Grande beijo, de quem se sentiu exatamente como você em muitos, muitos momentos...
Aurita, essas escolas são como os médicos e doulas do parto natural: se você realmente tem simlaridades ideológicas, há negociações, bolsas, trocas.
Me parece uma boa idéia... Precisamos ver como funciona na prática então...
beijoca
Queridas,
Qeuria falar muito e muito e muito sobre o assunto... Mas, me senti muito acolhida com este texto da Kalu. Tenho passado por um sufoco com filhoe recém--nascido, sem carro, marido longe e várias pessoas me falam que a solução dos meu sproblemas seria mudar a Isadora de escola. E eu não aceito, pois para mim escola é tudo isto que você fala e a escola em que a Isadora está é nosso porto seguro.
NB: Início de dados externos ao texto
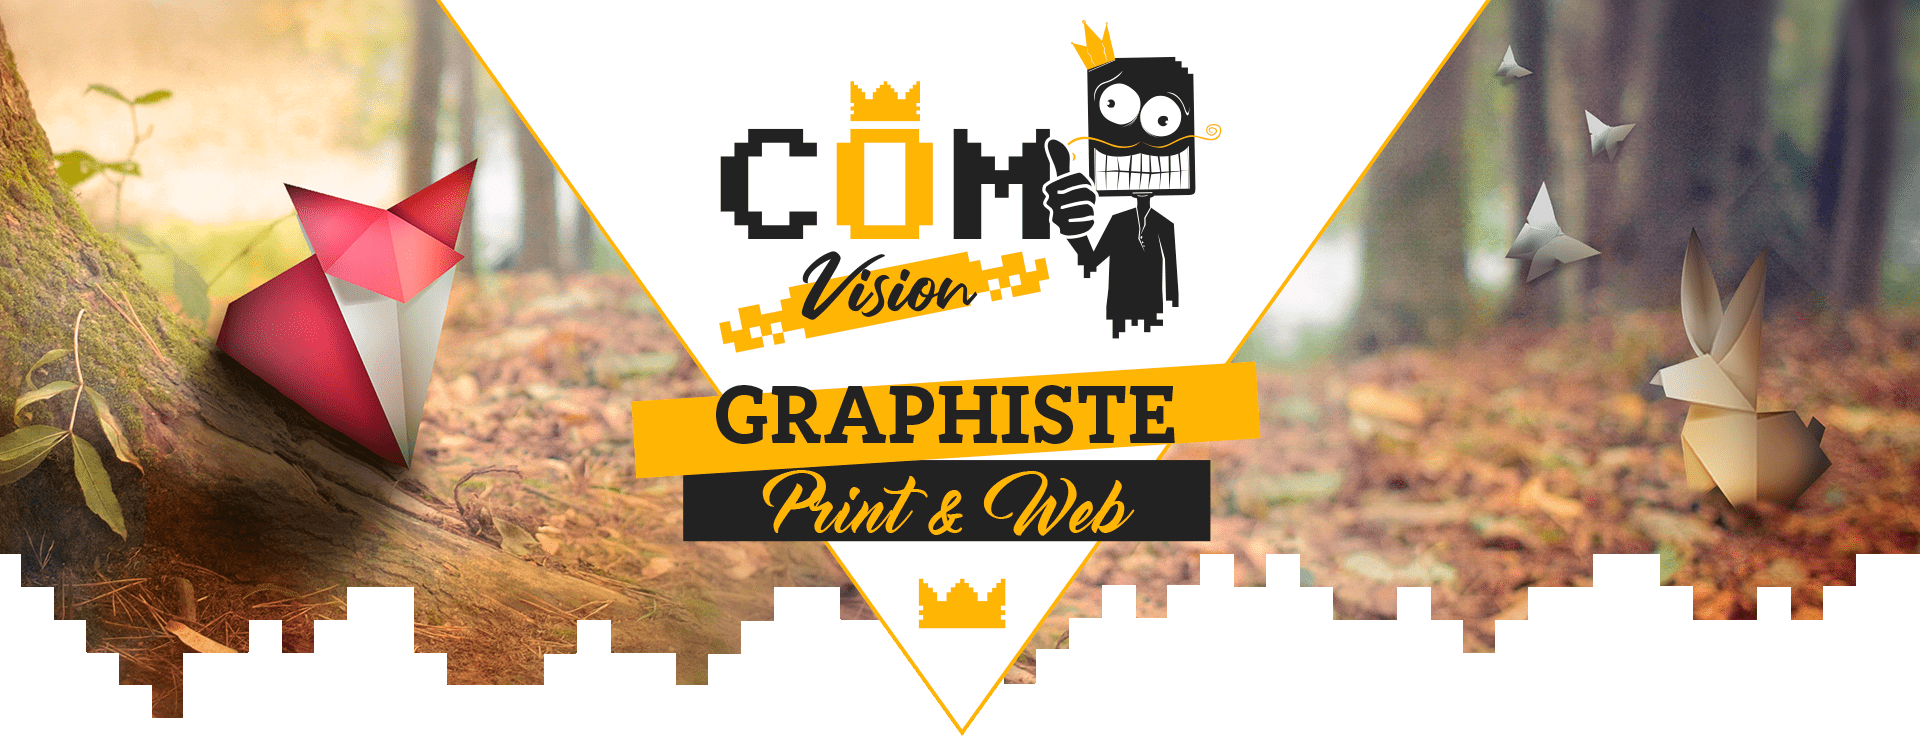 Com1vision_graphiste_création_illustration
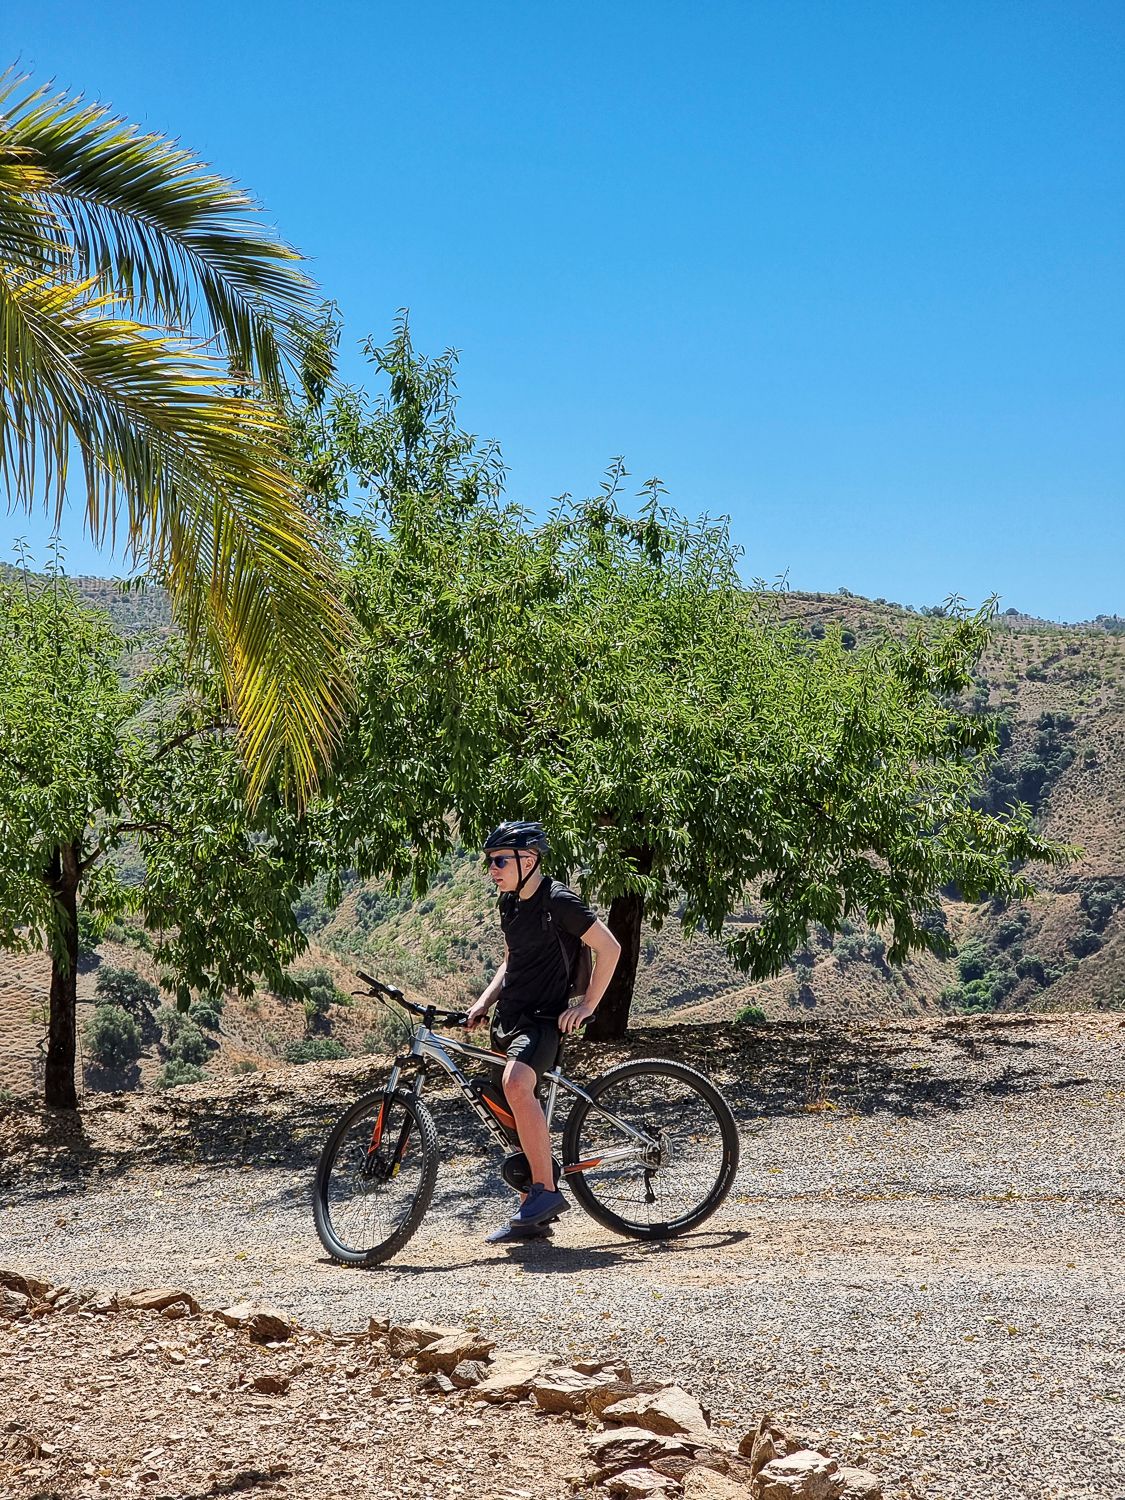 Patikointia ja pyöräilyä Andalusiassa

Só que não é no mesmo bairro, uma ponte separa a nossa casa da escola e, em São Paulo, sabem como é isto, né.
Áurea,
Sobre os valores, negocie... negocie. Proponha permuta, trabalhe para a escola em que você acredita, sei lá, crie alternativas. Garanto que vale a pena!
A escolha da escola para mim, até agora, foi a decisão mais difícil que tive que tomar por minha filha. Visitei várias, até que finalmente encontrei uma que deixou meu coração em paz. Nâo é perto, é um pouco fora de mão. Os palpiteiros já estão dizendo que nesses primeiros anos é só brincadeira, que qq uma tá bom. Mas eu acredito mesmo que valha a pena esse esforço (financeiro, inclusive) para que minha filha esteja em um lugar que ensine o prazer do aprendizado e das descobertas. Adorei o post, pois só tenho pensado nisso nesses ultimos tempos! beijos
Kalu adorei o post !
Estou neste dilema, mas aqui nem opção parecida tenho... =(
Kalu, obrigada pelo texto. Estou começando a olha r a escola pra Sofia e sempre vem esse dúvida: a escola que acolhe meus valores, ou uma que é perto de casa?? Aqui perto não tem nenhuma escola que gostei, continuo buscando... enquanto isso, a pequena fica em casa, brincando, cantando, desenhando, rs...
Foi bem esclarecedor.
Beijos com saudades de você.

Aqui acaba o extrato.